Multi-plot figure of candidate differentially expressed genes, pathways and RT qPCR gene expression changes.

Figure 3 TNC transcriptomic profiles in NTG-induced CM rats following TA treatment. (A) Venn diagram showing overlapping and unique candidate DEGs among pairwise comparisons; (B) Volcano plots displaying exploratory candidate DEGs identified by pairwise group comparisons. Upregulated (red), downregulated (blue); (C) Selected KEGG enriched pathway presented for comparisons between the VEH and NTG groups, and the NTG and NTG+TA groups; (D) RT-qPCR validation of the expression levels of selected candidate DEGs, including S100a4 and Vamp8, in TNC tissues; Each dot represents an individual rat. Brackets indicate the compared groups. ***adjusted P < 0.001, ****adjusted P < 0.0001.

KEGG pathway analysis further explored the potential biological functions associated with these candidate DEGs. The candidate DEGs between the VEH and NTG groups revealed enrichment in pathways such as neuroactive ligand-receptor interaction, long-term depression, cGMP-PKG signaling pathway, and platelet activation (Figure 3C, Supplementary Table 5). In contrast, the candidate DEGs between the NTG and NTG+TA groups were mainly enriched in pathways, including serotonergic synapse, complement and coagulation cascades, chemokine signaling pathway, cAMP signaling pathway, TGF-beta signaling pathway, NOD-like receptor signaling pathway, among others (Figure 3C, Supplementary Table 5).

In addition, 28 immune-related candidate DEGs identified in the comparison of NTG+TA and NTG groups (Table 1) were used for subsequent integrative analysis to explore potential associations between gene expression and gut microbiota.

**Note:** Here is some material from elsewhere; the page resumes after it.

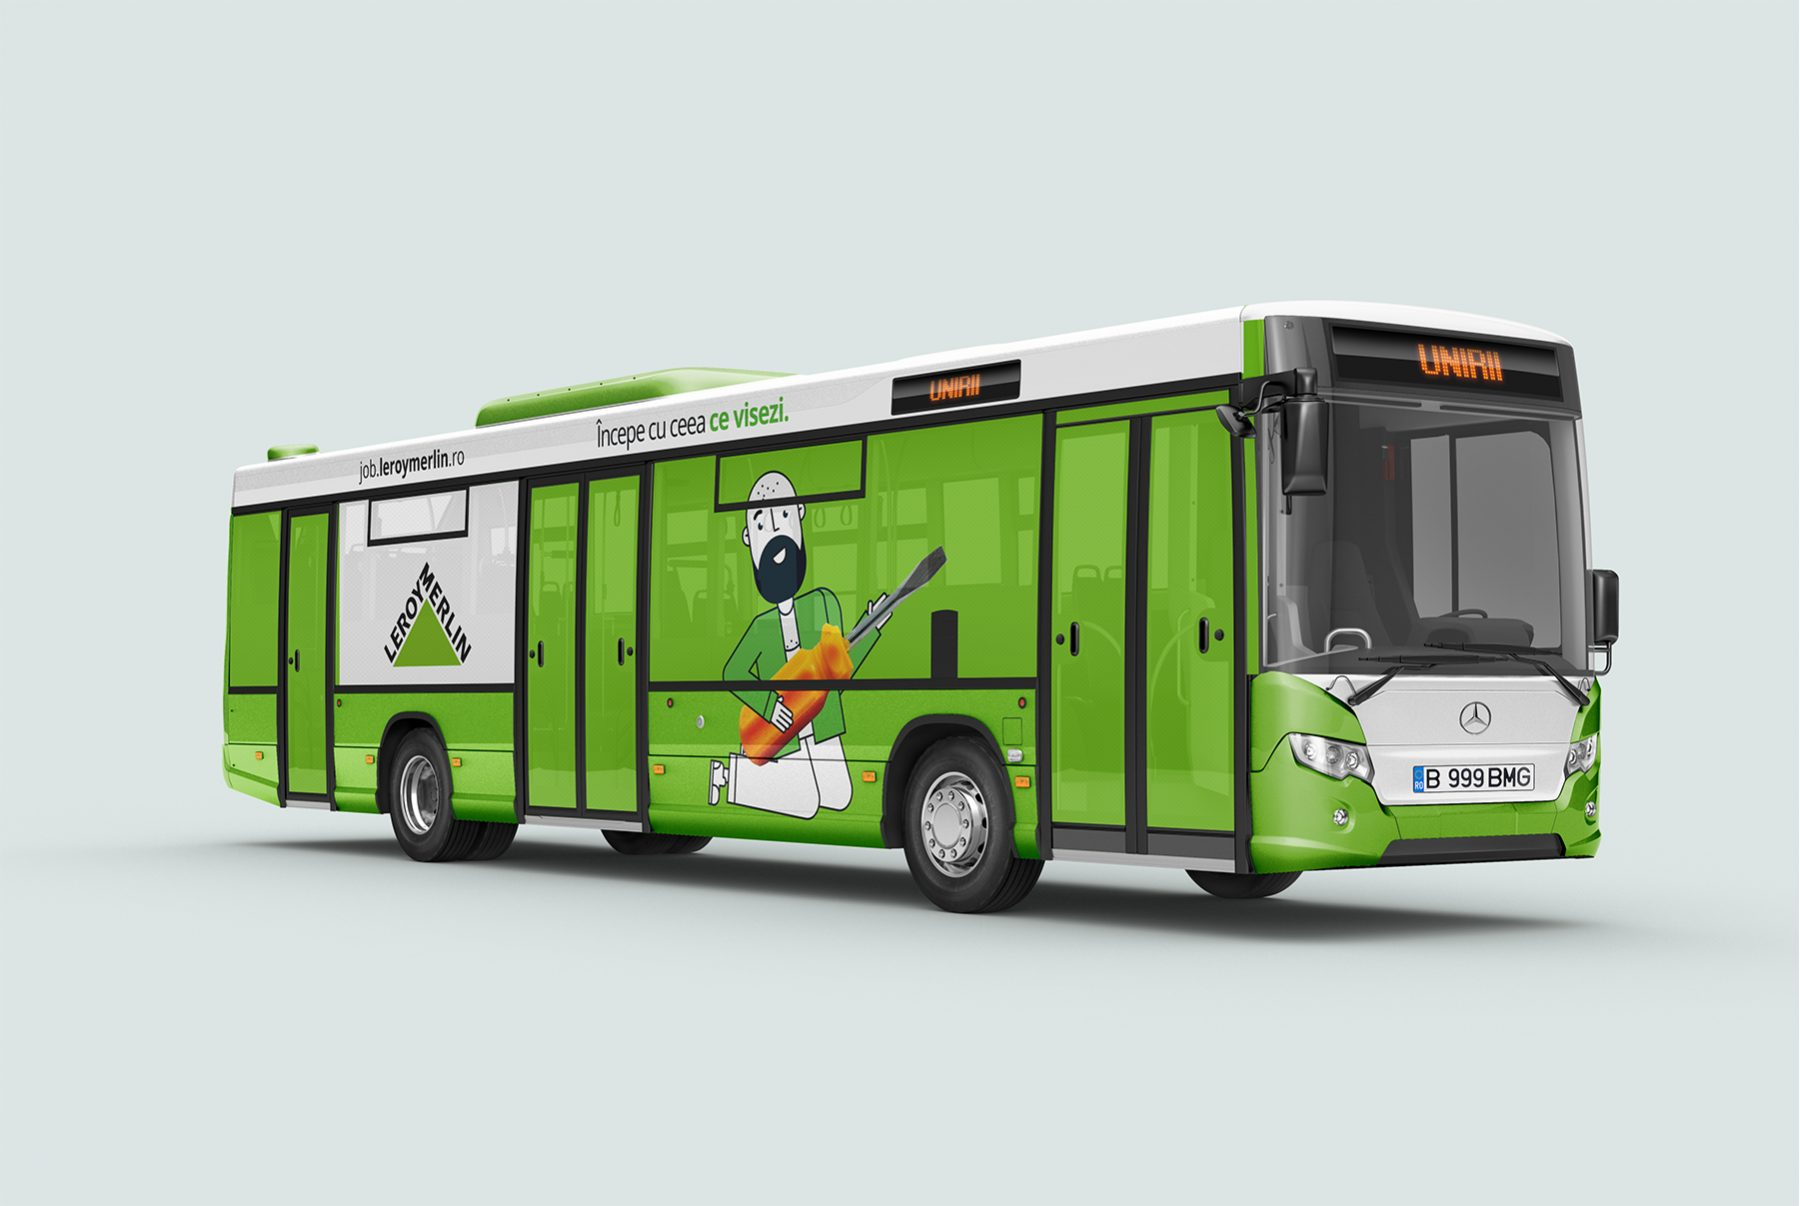 Leroy Merlin brand angajator autobuz oras

Table 1 28 Immune-Related Candidate DEGs Identified in the NTG+TA Group Compared to the NTG Group

Exploratory Analysis of Fecal and Plasma SCFA Profiles Following TA Treatment in CM Rats

The fecal SCFA levels, including isobutyric acid, propionic acid, acetic acid, butyric acid, isovaleric acid, valeric acid, as well as caproic acid, are shown in Figure 4A and Supplementary Table 6. Our findings revealed higher levels of acetic acid in the NTG vs. VEH group, with a subsequent decrease observed only after TA treatment (MD = −1028, 95% CI [−1815, −241.4], adjusted P = 0.0078). Similarly, propionic acid levels were elevated in the NTG group compared to the VEH group but decreased after acupuncture treatment (adjusted P>0.05, Supplementary Table 6). Due to quality control issues, only four plasma samples per group qualified for the final analysis. Nevertheless, the distribution of SCFAs in plasma closely aligned with their level in fecal samples across all groups (Figure 4B, Supplementary Table 6).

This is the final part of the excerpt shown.